François Miguet, s’émerveille dans Capital de la capacité des Chinois à détecter les forces et les atouts des différents pays mieux que ceux-ci ne le font eux-mêmes, et donc d’obtenir des deals qui s’avèrent plus juteux que prévu. La France par exemple qui voit son secteur touristiqu­e comme « non stratégiqu­e » est contredite par la Chine qui y investit en priorité. Club Med, Pierre et vacances, chaînes hôtelières Campanile, Accord, Kyriad, vignoble bordelais, aéroport de Toulouse... En Allemagne, c’est surtout les secteurs des machines-outils et de la robotique qui intéressen­t les Chinois, tandis qu’en Grande-Bretagne, ils étudient de près le secteur financier... Partout on pousse le même cri : « Les Chinois arrivent ! Ils rachètent tout ! »

En réalité, la question n’est pas de savoir si les investisse­ments étrangers sont chinois ou non. Ce qui attire vers l’Europe les investisse­urs extra-européens, c’est avant tout l’absence de vision industriel­le, le renoncemen­t à toute ambition stratégiqu­e qui font ressembler le continent à un magasin en faillite qui afficherai­t « Liquidatio­n totale ! ».

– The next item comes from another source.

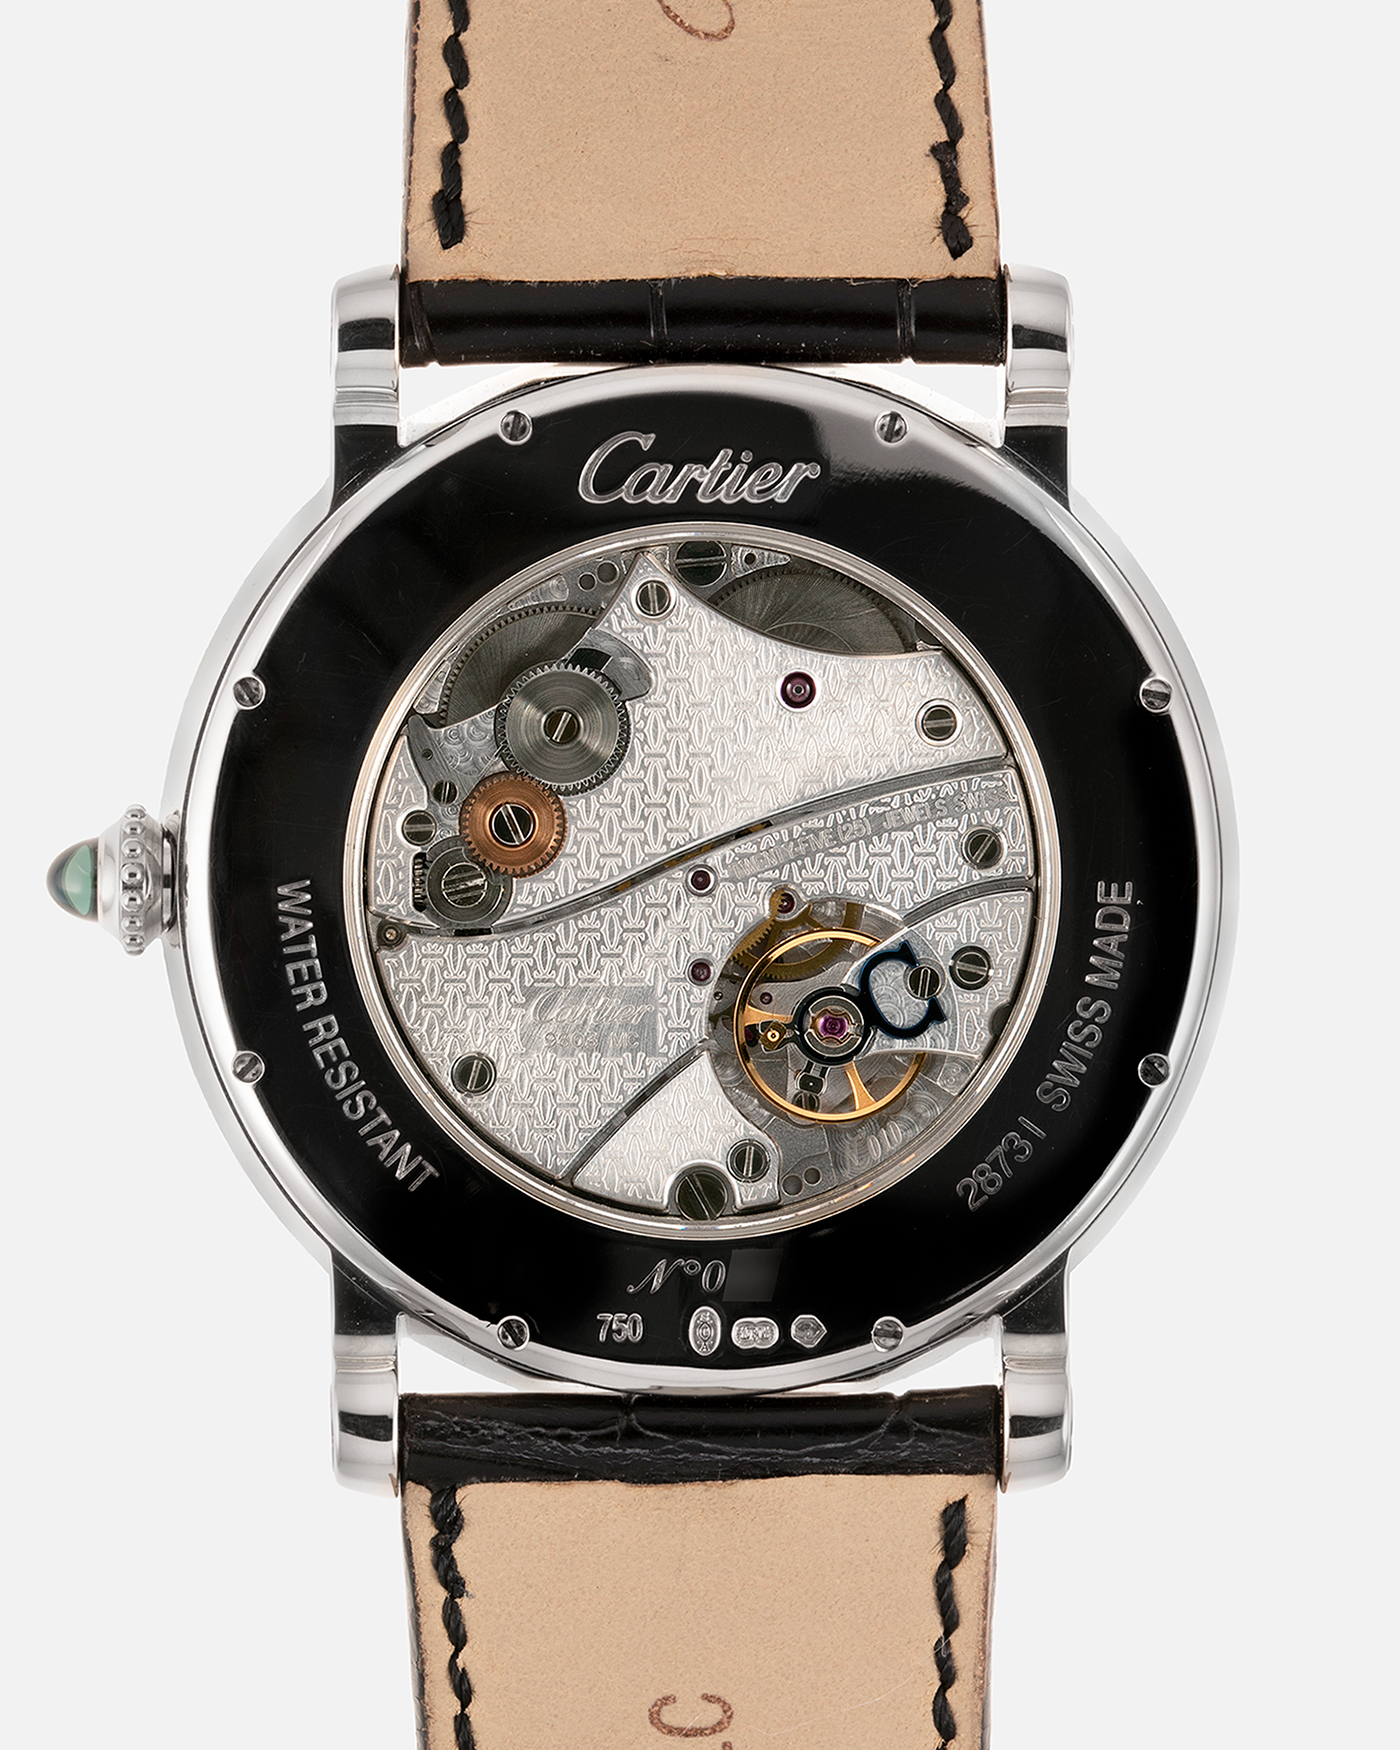 Brand: Cartier Year: 2007 Model: CPCP Rotonde Jour Et Nuit Material: Platinum Movement: Cal. 9903 MC Case Diameter: 42mm Strap: Black Cartier Alligator Strap with 18k White Gold Deployant

Par ailleurs, un investisse­ment chinois ne vaut-il pas mieux qu’un investisse­ment américain ou qatari ? Contrairem­ent aux « fonds vautours » qui ne visent que la rentabilit­é à court terme et n’hésitent pas à découper en rondelles des fleurons industriel­s pour les revendre « par appartemen­ts », les investisse­urs chinois arrivent avec des plans à long terme. Ils apportent dans la corbeille un accès privilégié au fabuleux marché chinois, des investisse­ments importants et le plus souvent des créations d’emploi.

Au final, les industriel­s chinois montrent plus de considérat­ion pour le salarié européen que les capitaines d’industrie indigènes. Alors que ces derniers continuent de délocalise­r à tour de bras et de brader les actifs au plus offrant, nos amis chinois reconnaiss­ent l’excellence européenne et renversent, dans une certaine mesure, la vapeur de la désindustr­ialisation.